Kiss×sis is written and illustrated by Bow Ditama. Ditama launched a one-shot in Kodansha's Weekly Young Magazine in 2004. Kiss×sis was then serialized in Kodansha's now-defunct bimonthly Bessatsu Young Magazine from December 19, 2005, to August 11, 2008. It was then transferred to Weekly Young Magazine, being serialized from September 29, 2008, to December 7, 2009. It was transferred to Monthly Young Magazine (rebranded title of Bessatsu Young Magazine) on December 9, 2009. It was on hiatus between the August 2013 and January 2014 issues. The manga finished after 17 years of publication on September 21, 2021. Kodansha collected its chapters in twenty-five tankōbon volumes, released under their KC Deluxe imprint, from September 6, 2007, to November 18, 2021. The manga is also licensed in Taiwan by Sharp Point Press.

===Anime===

It was announced in June 2008 that an animated adaption of Kiss×sis would be produced by Feel. On December 22 of that year, the first OVA was released, bundled with the third volume of the manga, directed by Munenori Nawa. Subsequent releases were packaged with subsequent volumes of the manga. The 12th and last episode was released on April 6, 2015. The opening and closing themes for the OVA include "Our Honey Boy" (ふたりのハニーボーイ, Futari no Hanibōi) by Ayana Taketatsu and Yuiko Tatsumi and "Starry Sky Story" (星空物語, Hoshizora Monogatari) by Nana Takahashi, respectively.

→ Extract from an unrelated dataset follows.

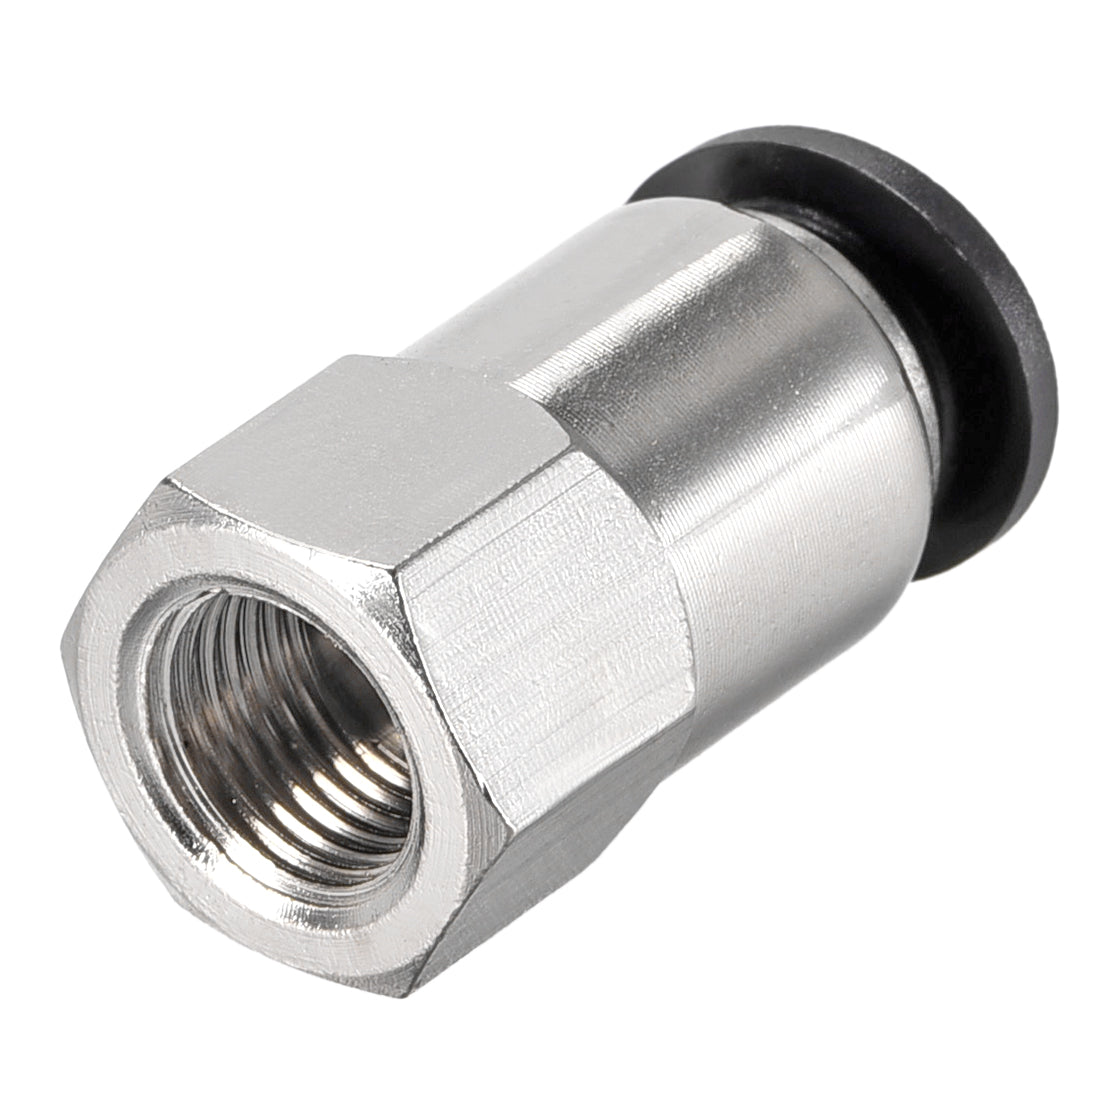 uxcell Uxcell Push to Connect Tube Fitting Adapter 8mm Tube OD x 1/8PT Female Straight Pneumatic Connecter Pipe Fitting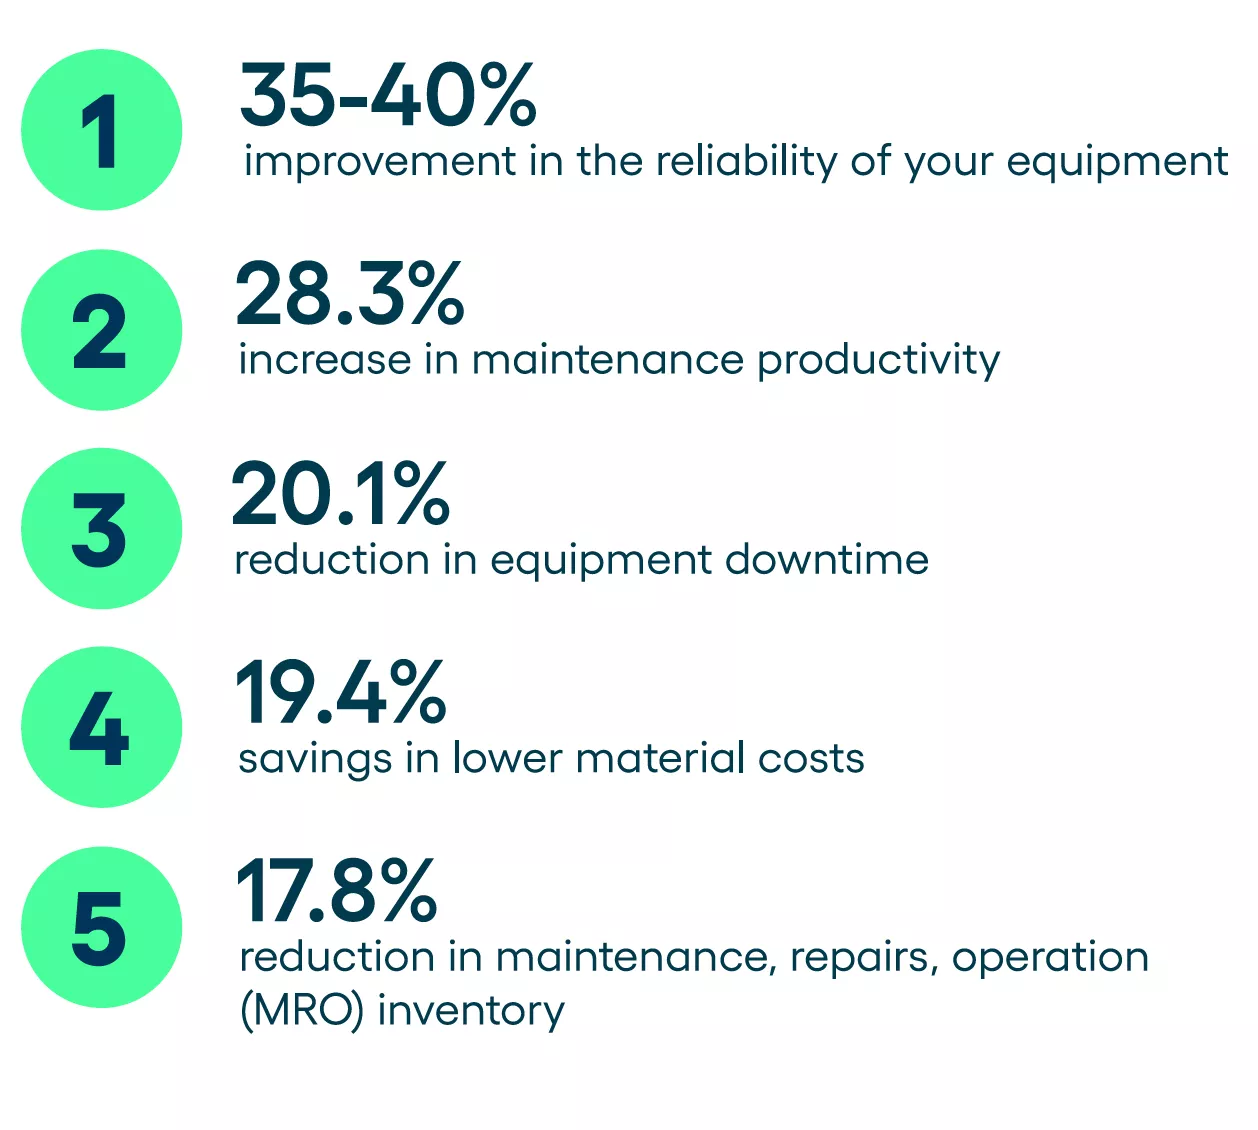 35-40% improvement in reliability of your equipment. 28.3% increase in maintenance productivity. 20.1% reduction in equipment downtime. 19.4% savings in lower material costs. 17.8% reduction in maintenance, repairs, operation (MRO) inventory.

A 12-episode anime television series adaptation of the manga aired on AT-X from April 5 to June 21, 2010. A censored pre-release of the first episode aired online on March 28, 2010. The opening theme is "Balance Kiss" (バランスKISS, Baransu Kisu) performed by Ayana Taketatsu and Yuiko Tatsumi, and the ending theme is "Our Steady Boy" by Yui Ogura and Kaori Ishihara. The ending theme for episode 12 is "Futari" (ふたり, The Two of Us) by Yui Ogura and Kaori Ishihara. The first DVD volume was released on June 23, 2010. Unlike the TV airings of the other episodes, certain scenes of episodes nine through twelve were censored. A DVD/Blu-ray Disc edition has subsequently been released without the censorship.